Posted: Wed, 05 Dec 2007 01:32:47 -0600
- Write a C program to count bits set in an integer?
- What purpose do the bitwise and, or, xor and the shift operators serve?
- How to reverse the bits in an integer?
- Check if the 20th bit of a 32 bit integer is on or off?
- How to reverse the odd bits of an integer?
- How would you count the number of bits set in a floating point number?
The answers shall be posted in one or two days. In the meanwhile you guys try out these questions. I will post answers to my previous post "" today.
- Solutions to problems in recursion analysis
Posted: Wed, 05 Dec 2007 01:47:31 -0600
- Using the substitution method, we substitute the function recursively till we arrive at T(1).
i.e T(n)=T(n/2) + 1 = T(n/4) + 1 + 1 = ....
We get a total of lg(n) iterations
i.e T(n)=T(1) +lg(n)
Thus the complexity is O(lg n). - Similar to the 1st problem, it takes lg(n) iterations to reach T(1).After final iteration:
T(n)=(2^lg(n))*(T(1) + lg(n)*17)
Thus the complexity is (2^lg(n))*(lg n) = n*lg(n) - Let n=2^m,then T(2^m)=2*T(2^m/2) + 1
Now let S(m)=T(2^m).
=>S(m)=2*S(m/2) +1
This is the same as 2nd problem.
Thus the complexity is O(m*lg(m)),but m=lg(n)
Thus the final complexity is O(lg(n)*lg(lg(n)))
- Using the substitution method, we substitute the function recursively till we arrive at T(1).
Posted: Thu, 20 Dec 2007 09:48:14 -0600
To start with,we are posting solutions to some of the questions.In due course of time ,all the questions shall be solved.
1.There is an array A[N] of N numbers. You have to compose an array Output[N] such that Output[i] will be equal to multiplication of all the elements of A[N] except A[i]. For example Output[0] will be multiplication of A[1] to A[N-1] and Output[1] will be multiplication of A[0] and from A[2] to A[N-1].
Solve it without division operator and in O(n).

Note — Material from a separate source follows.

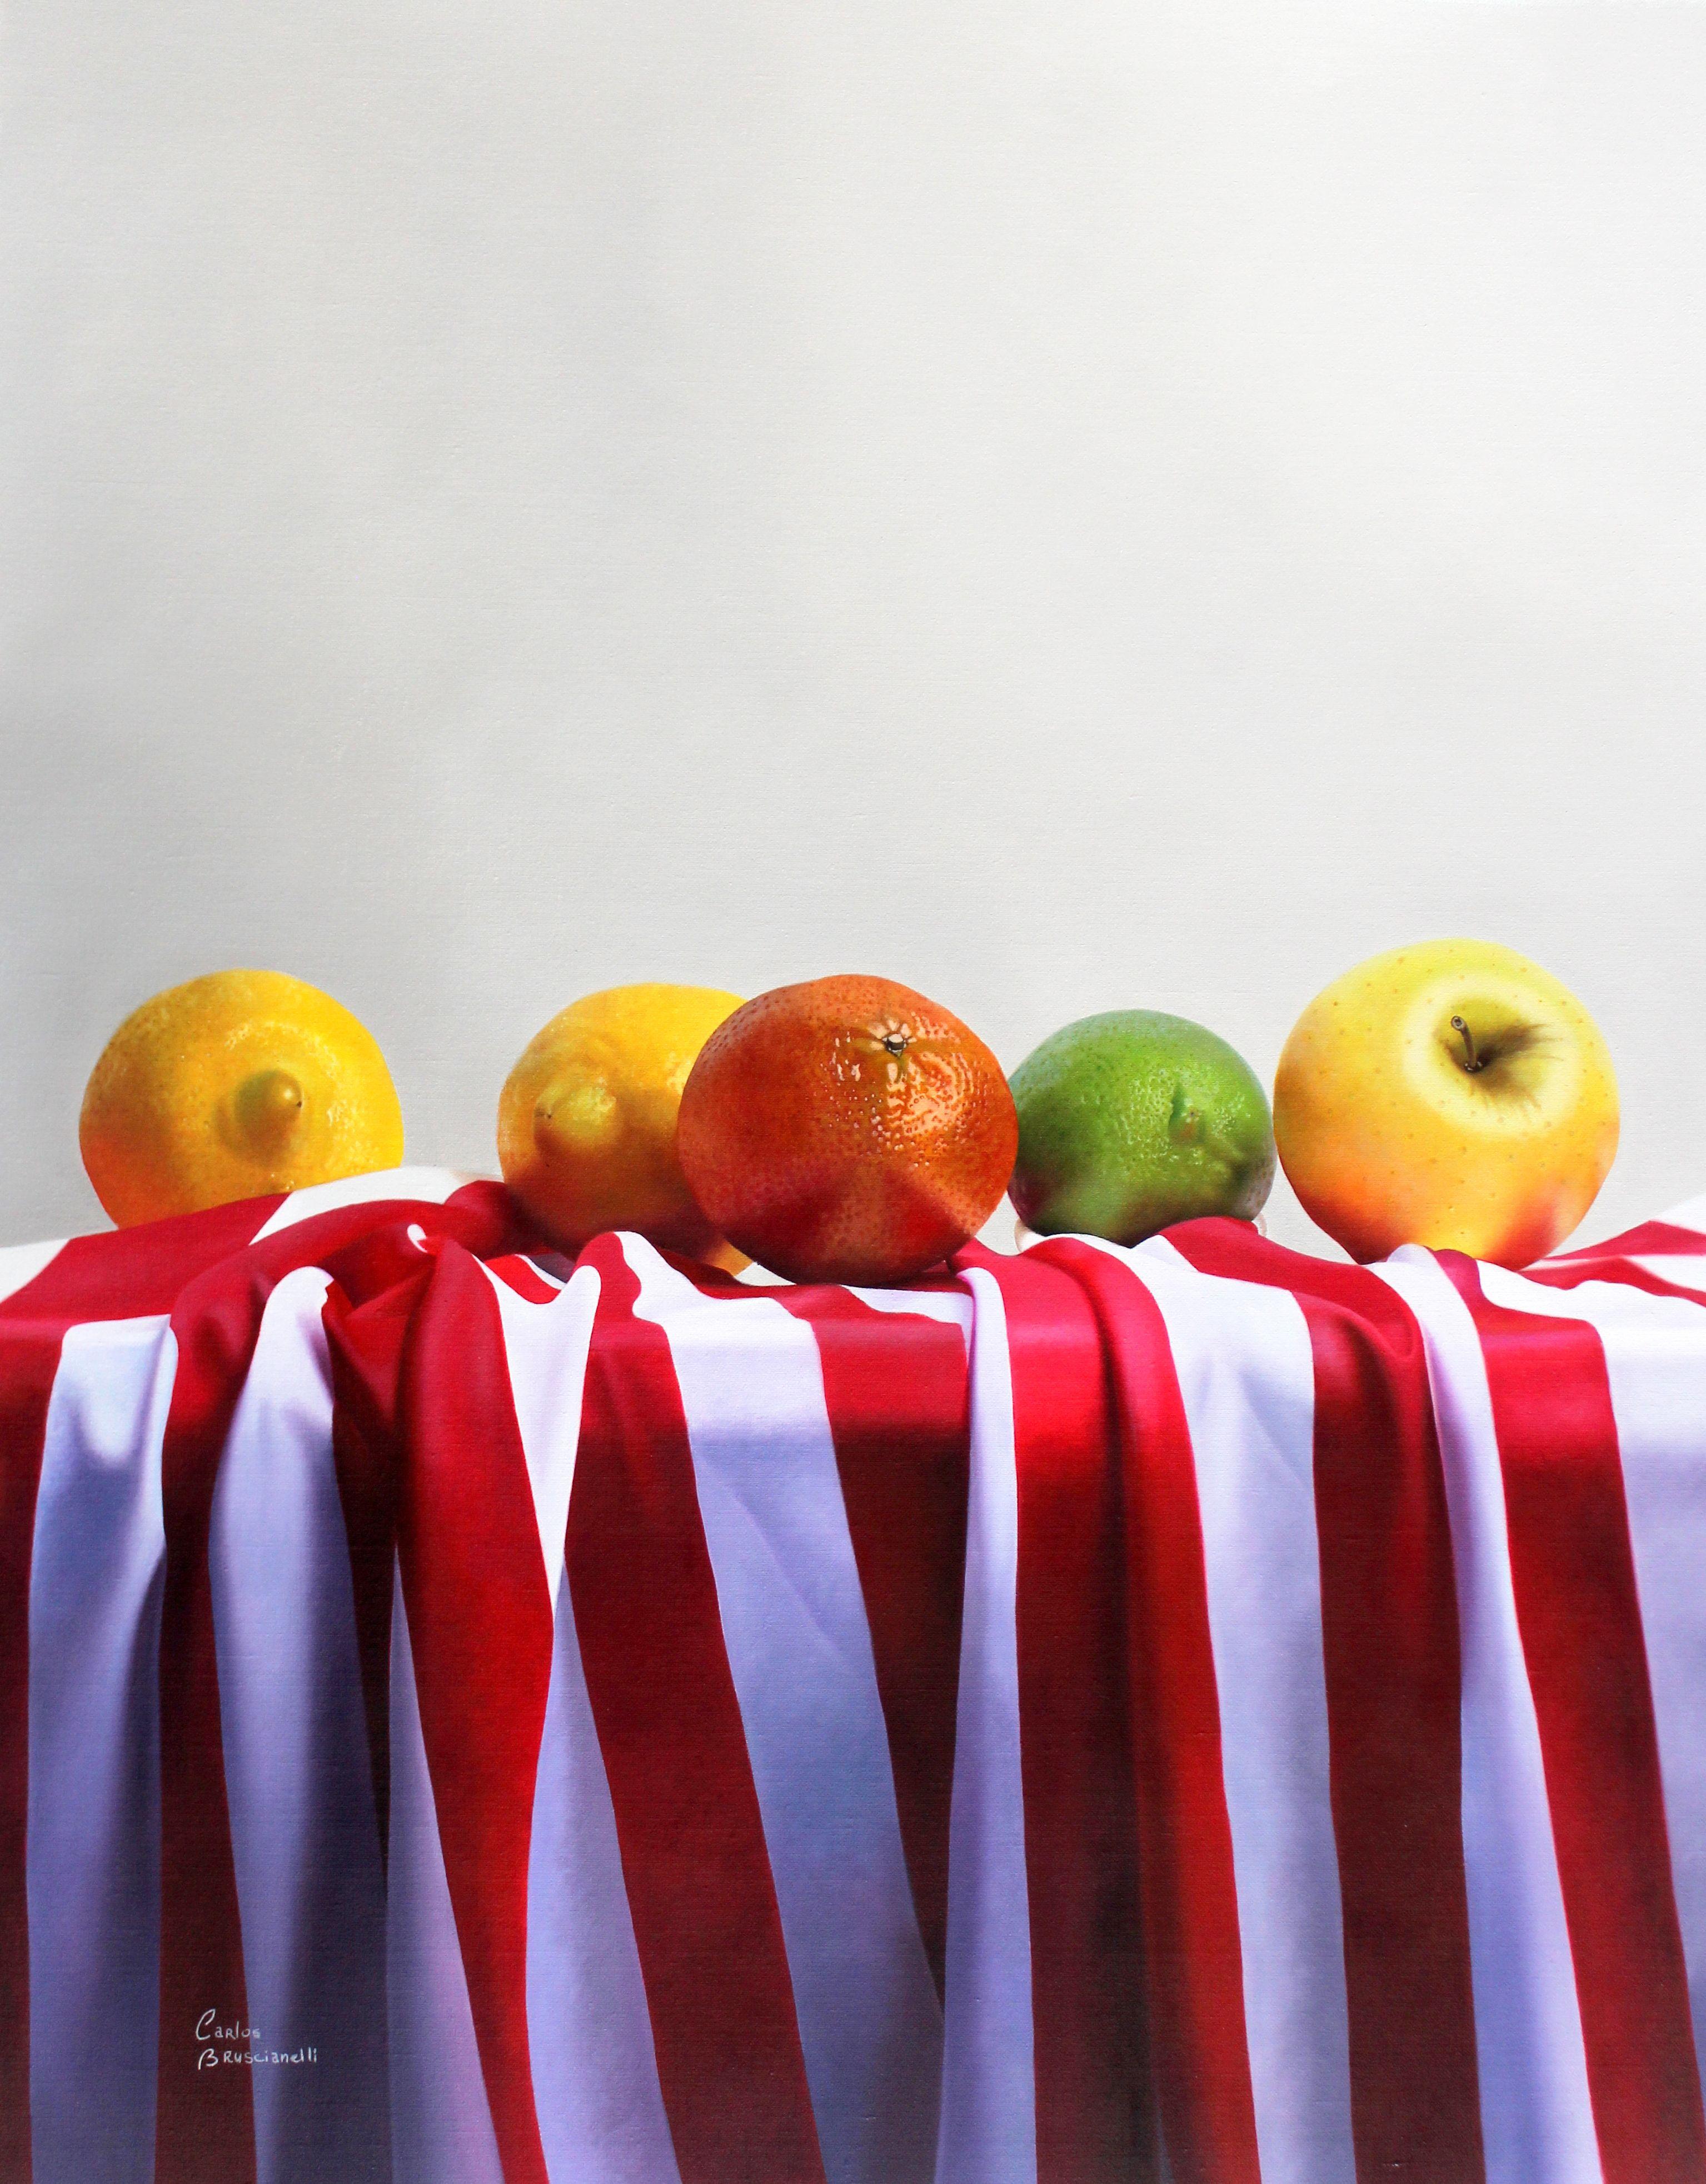 "Stripes & Fruits" by Carlos Bruscianelli, a Venezuelan realist painter based in Miami Beach, FL. Oil Painting on Oil Primed Linen - fine texture (Claessenses). 2021.    THE ARTWORK WILL BE SHIPPED ROLLED UP IN A TUBE. :: Painting :: Photorealism ::

Solution:At each position i,we need to assign A[i], the product of all the elements in the array except A[i].This amounts to same as putting A[i]=a*b,where a=cumulative product of all those elements to the left of A[i] and b=cumulative product of all those elements to the right of A[i].
We can put this simply by storing the result in a separate array and by traversing the input array twice.
In the first iteration, we traverse the input array left to right and assign Output[i]=a (where a is the product of all the numbers preceding A[i]).
Now we traverse the input array again ,but in reverse direction and this time we find
b(here b is the product of all the numbers following A[i]) and Assign
Output[i]=Output[i]*b; which amounts to putting Output[i]=a*b
Hence Each Output[i] contains the product of all the elements in A except A[i].
Below is a C function to do the same.int* function(int input[],int size,int output[])
{
long int result=1;
for(int i=0;i<size;i++)
{
output[i]=result;
result*=input[i];
}
result=1;
for(int i=size-1;i>=0;i--)
{
output[i]*=result;
result*=input[i];
}
return output;
}2.There is a linked list of numbers of length N. N is very large and you don't know N. You have to write a function that will return k random numbers from the list. Numbers should be completely random.
Hint:
1. Use random function rand() (returns a number between 0 and 1) and irand()
(return either 0 or 1)
2. It should be done in O(n).
Solution:Traverse the list, generating a new random number for each entry. Keep a 'top k' chart of the highest random numbers, and their associated entries. When we hit the end of the list, the numbers in the chart are the required random numbers.
This random number generated for each element can be defined as a function f=absolute(irand()-rand()),which is random enough.
3 Find or determine non existence of a number in a sorted list of N numbers where the numbers range over M, M >> N and N large enough to span multiple disks. Algorithm to beat O(log n) bonus points for constant time algorithm
Solution:This problem can be solved using bitmaps.bitmap will be an array (say b_array) where we have one bit per M possible number. If we use a character array to store bitmaps, b_array size will be M/8, since 1 char can store 8 bits. Bitmap array will be initialized to zero first. Now for each of the N numbers its corresponding bit should be turned on(1). Corresponding bit for 'n' can be found as follows:
base = n/8; (base is the char whose certain bit needs to be set)
offset = 1 << (n mod 8); (offset is the bit to be set)
b_array[base] |= offset; (I set the particular bit)
Once this is done of all N numbers, given a number m,
we can first find corresponding bit offset and check whether it is one.
base = m/8; (base is the char whose certain bit needs to be set)
offset = 1 << (m mod 8); (offset is the bit to be set)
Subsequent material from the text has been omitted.